Норин посмотрел куда-то поверх моей головы, и его глаза сияли. Я пыталась представить себе, как это будет, и тоже невольно подняла глаза. Нас прервал официант, подойдя и спросив, не хотим ли мы чего-то еще. Норин даже не услышал вопроса, и я ответила за нас обоих:

– Нет, спасибо, все отлично.

Не знаю почему, но меня порадовало, что Норин будто среагировал на мой голос. Он моментально перевел на меня взгляд, и по его глазам я видела, что он вернулся к реальности, чтобы осознать, что именно я сказала. Только после этого он удивленно посмотрел вслед уходящему официанту. Он снова посмотрел мне в глаза с необъяснимой тогда благодарностью. В одну из встреч несколько месяцев спустя он как-то обмолвился, буквально парой мимолетных фраз, вырванных из контекста, что я единственная, кто может удержать его в реальности, и он хватается за мое существование как доказательство его собственного. Может, он боялся стать иллюзией для себя самого?

Я посмотрела на свою чашку кофе и многозначительно произнесла:

– За кофе могу заплатить я.

Моя улыбка выдала подтекст. Норин наклонил голову набок и догадливо произнес:

– Кажется, кто-то разговаривал с Николь.

Я отбросила намеки и шутливое настроение и спросила со всей серьезностью:

– Почему ты пытаешься представить себя таким? Ладно, свое происхождение, но ты прячешь и свой ум, зачем?

Он помолчал некоторое время, но лишь для того, чтобы подобрать слова:

– Людям это нужно – убеждаться в своем здравом рассудке. Моя «ненормальность» дает им ощущение стабильности собственного ума. Все ведь относительно.

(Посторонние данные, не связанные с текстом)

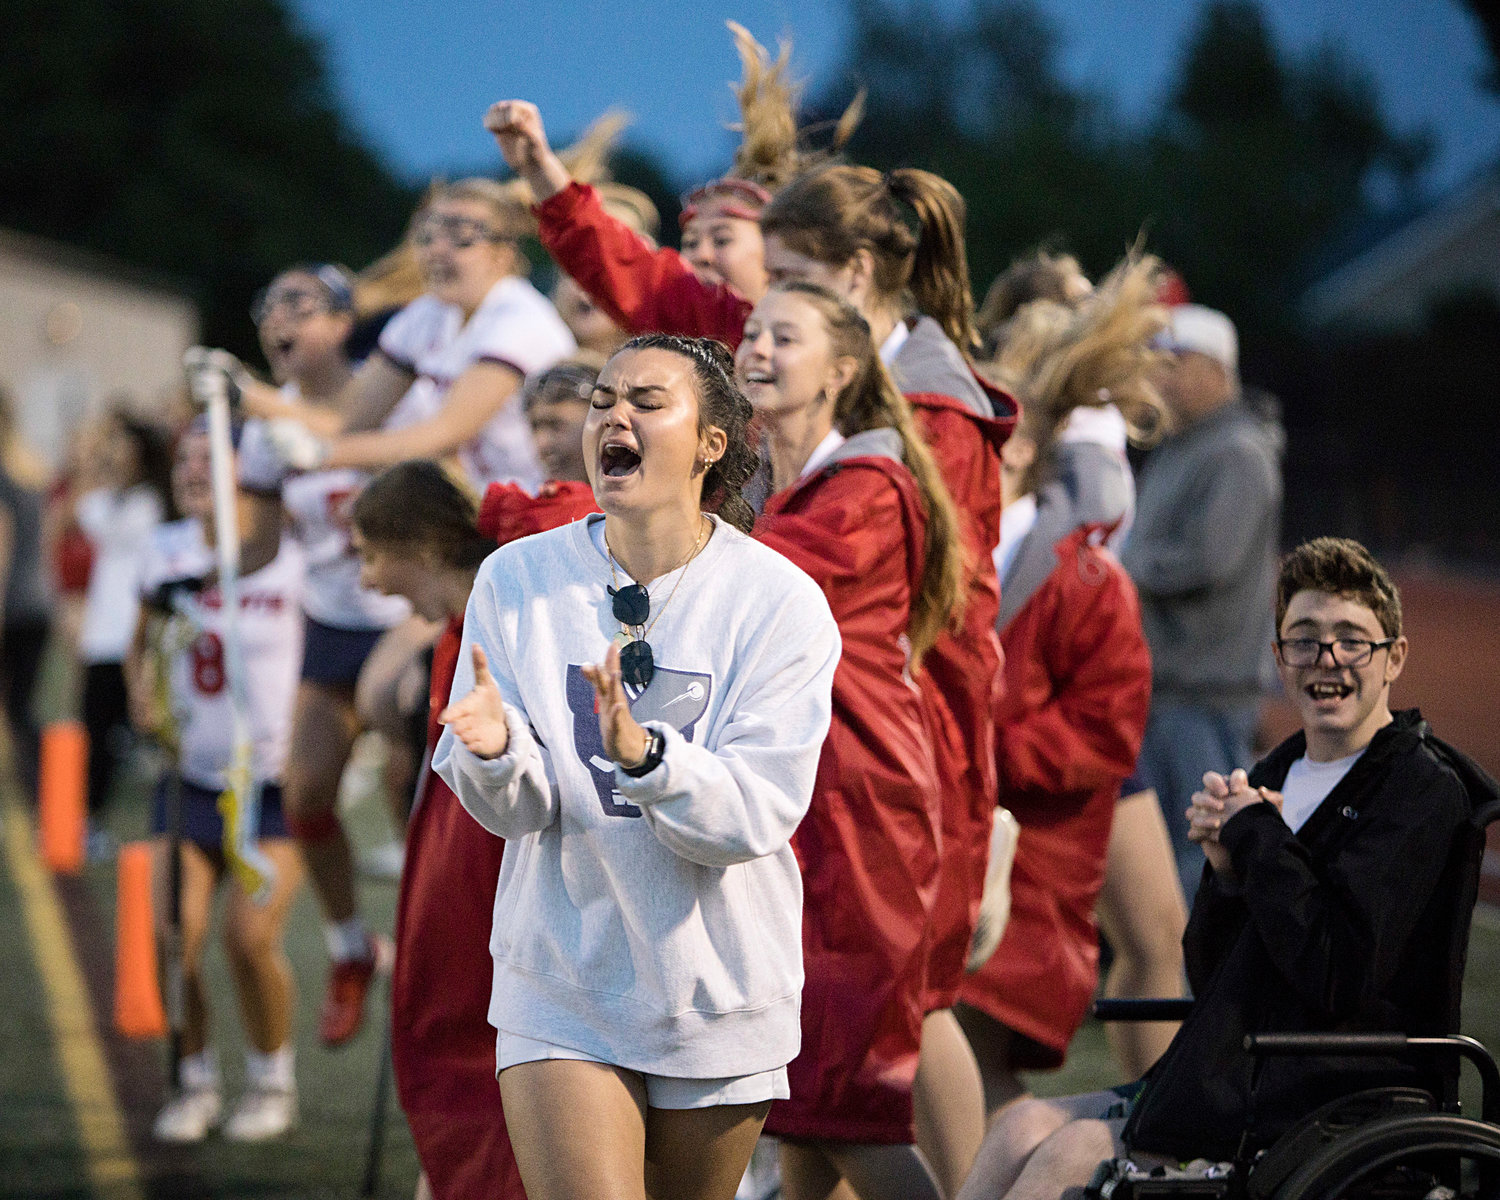 Players on the sideline cheer as the Patriots take the lead late in the second half of the Division II semifinals.

Я рад, что, глядя на меня, они успокаиваются. И без того они беспокоятся слишком много и по всяким пустякам.

Я думала над его словами некоторое время. Вспомнив, что пару дней назад я назвала себя такой же ненормальной, как и он, я снова спросила:

– Ну а мне почему? Назвал себя тогда сумасшедшим, бесполезным и бедняком. Я ведь не хотела никогда успокаиваться за счет тебя.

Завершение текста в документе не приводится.